At the 2017 Kwacha Music Awards (KMA), Slapdee won three awards, including Best Male Artist, Best Hip Hop Song (for "Vagwada") and Best Collaboration (Afunika featuring Slapdee, for "Umwaume Wakulela"). He also received Best Male Artist the second time and additional multiple awards for "For a Long Time" at the 2018 KMAs: Best Hip Hop Song; Best Collaboration (with labelmate Bobby East) and Song of the Year. Additionally, Mr. Starsh also won Best Sound Production.

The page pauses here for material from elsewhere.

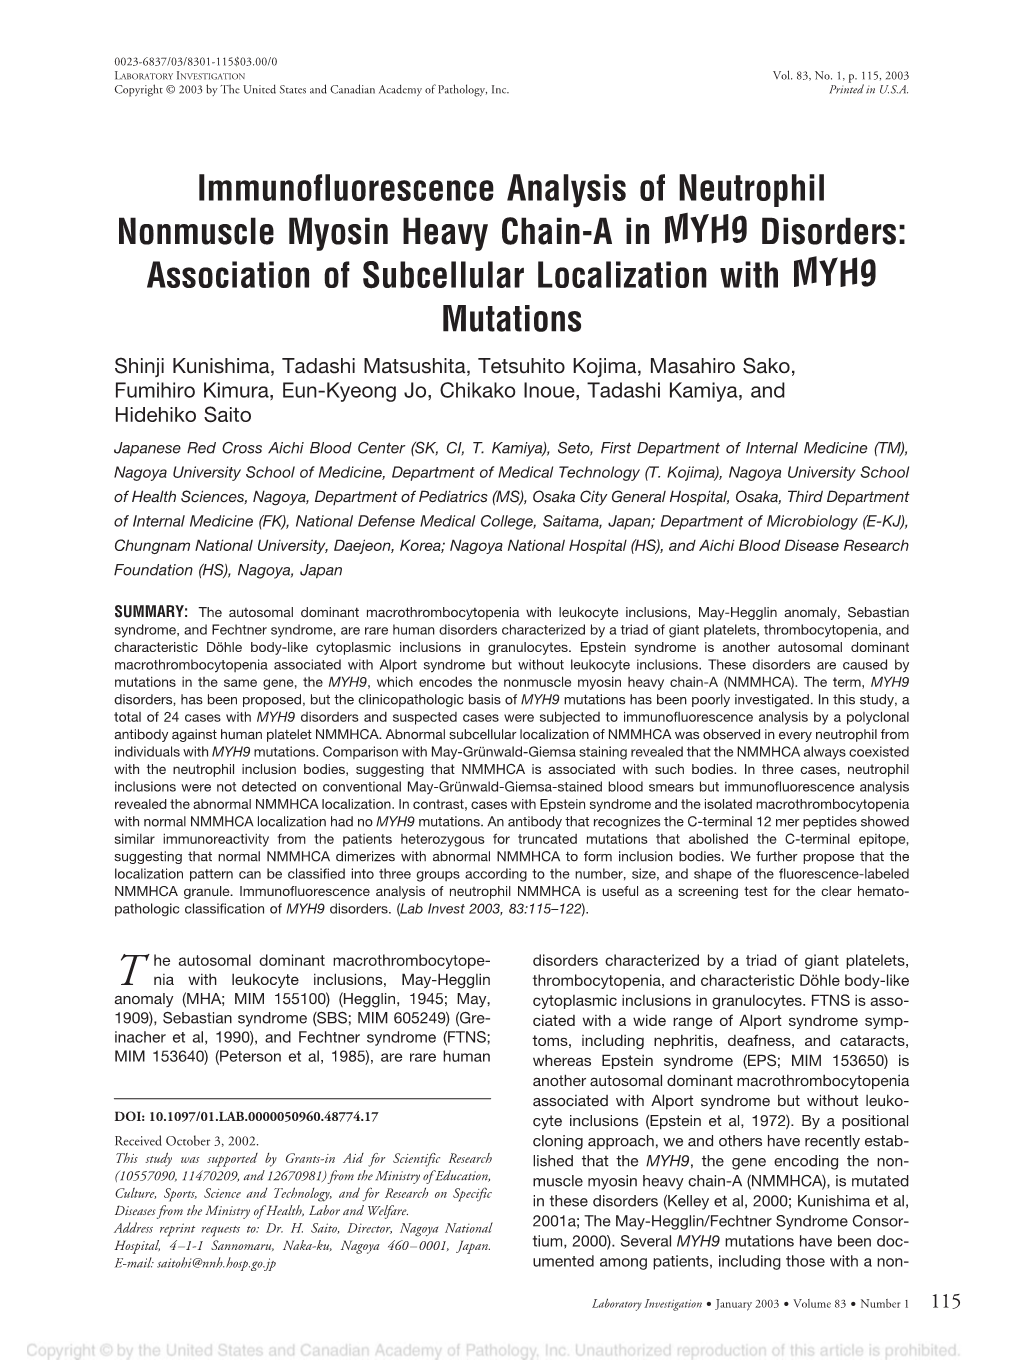 Immunofluorescence Analysis of Neutrophil Nonmuscle

In 2020, one of the label's artists, Daev Zambia, died in a car accident on Chirundu-Kafue Road. His death deeply affected the XYZ team and the Zambian music industry at large. Hundreds of mourners attended his funeral, including fellow Zambian music artists Macky 2, Y Celeb, Roberto Zambia, Chef 187, Ray Dee, and Kekero. He was a prominent figure in helping the spread and growth of Zambian music.

Feud with Macky 2
In the early 2000s, the label's founder and owner was involved in a feud with the then-upcoming fellow rapper from Copperbelt, Macky 2, who owned Kopala Swag and Alpha Entertainment Music. Regarded as one of the largest hip-hop rivalries in the Zambian music industry, it is often compared to the feud between The Notorious B.I.G. and 2Pac.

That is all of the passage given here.